The question then is whether the obligations set out in the Rules, amount to an “obligation to promote” as stated by Alford. According to a purposive approach to the Rules, it is evident that the special responsibility bestowed upon licensees demonstrates an obligation to abide by the Human Rights Code by way of example. The expectation that licensees treat everyone with dignity and respect and to not only abstain from discriminating against employees, peers, clients and the general public but to prevent any discrimination should they be witness to it, should not come as a surprise to any lawyers or paralegals regulated by the LSO. This special responsibility falls directly in line with the other duties expected of licensees, including refraining from conduct that would bring the administration of justice into disrepute.
This, of course, is a discussion more appropriate for when we have a decision on the merits of Alford’s legal challenge.
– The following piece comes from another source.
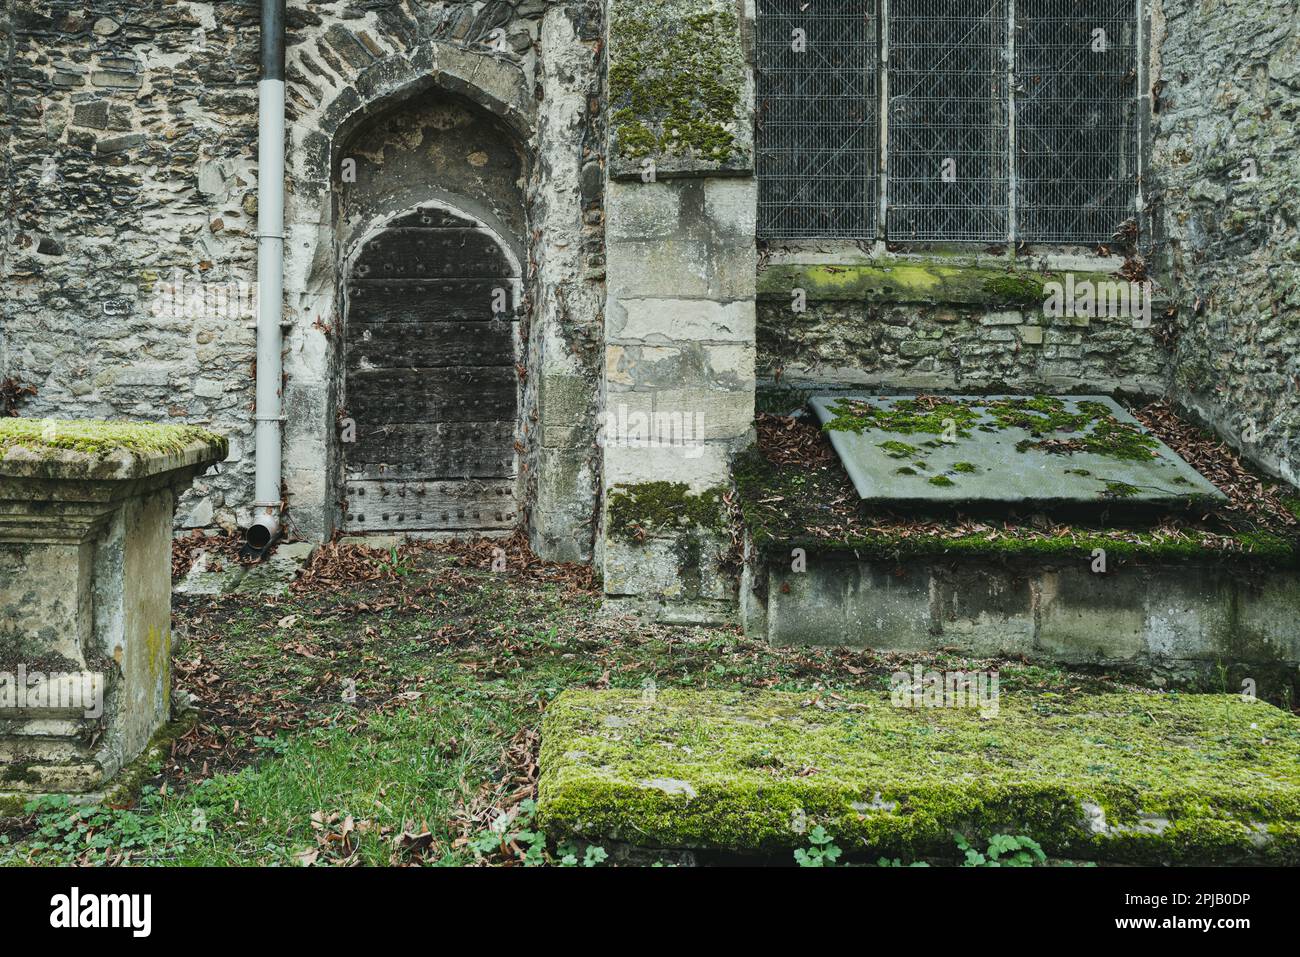 Vista dettagliata dell'ingresso di una chiesa medievale che mostra la porta della cripta. Il muschio umido è visibile sulle superfici a causa dell'ombra quasi costante. Foto Stock

It is with great anticipation that we await the Divisional Court hearing and its decision on the matter.
The statement of principles matter has been both enlightening and frustrating for those of us in the legal profession who consider it a badge of honour to abide by, uphold, defend and promote diversity and inclusivity within our profession. Even more so for those licensees who have lived experience of facing barriers in the profession based on their race, ethnic origin, sexual orientation, disability, gender and so on. The statement of principles is by no means a cure-all, but it is one small step forward in the legal profession’s commitment to ensure that the systemic racism (among other systemic “-isms” including sexism and ableism within the profession) that continues to be all too common is not only acknowledged but that proactive measures are taken to erode this othering of licensees based on protected characteristics.
ARCH continues to be supportive of the statement of principles, and has always taken the position that this requirement is not only necessary, but beneficial to the profession. ARCH provided a letter in support of the statement of principles and against Bencher Groia’s motion to all Benchers in December 2017. ARCH has continued its support and dedication to promoting inclusivity within the legal profession by drafting its own statement of principles, which can be found here: https://archdisabilitylaw.ca/statement-of-principles/. A physical copy which has been signed by all licensees employed by ARCH can be found hanging in ARCH’s office.
We will continue to monitor this case and provide further analyses and updates.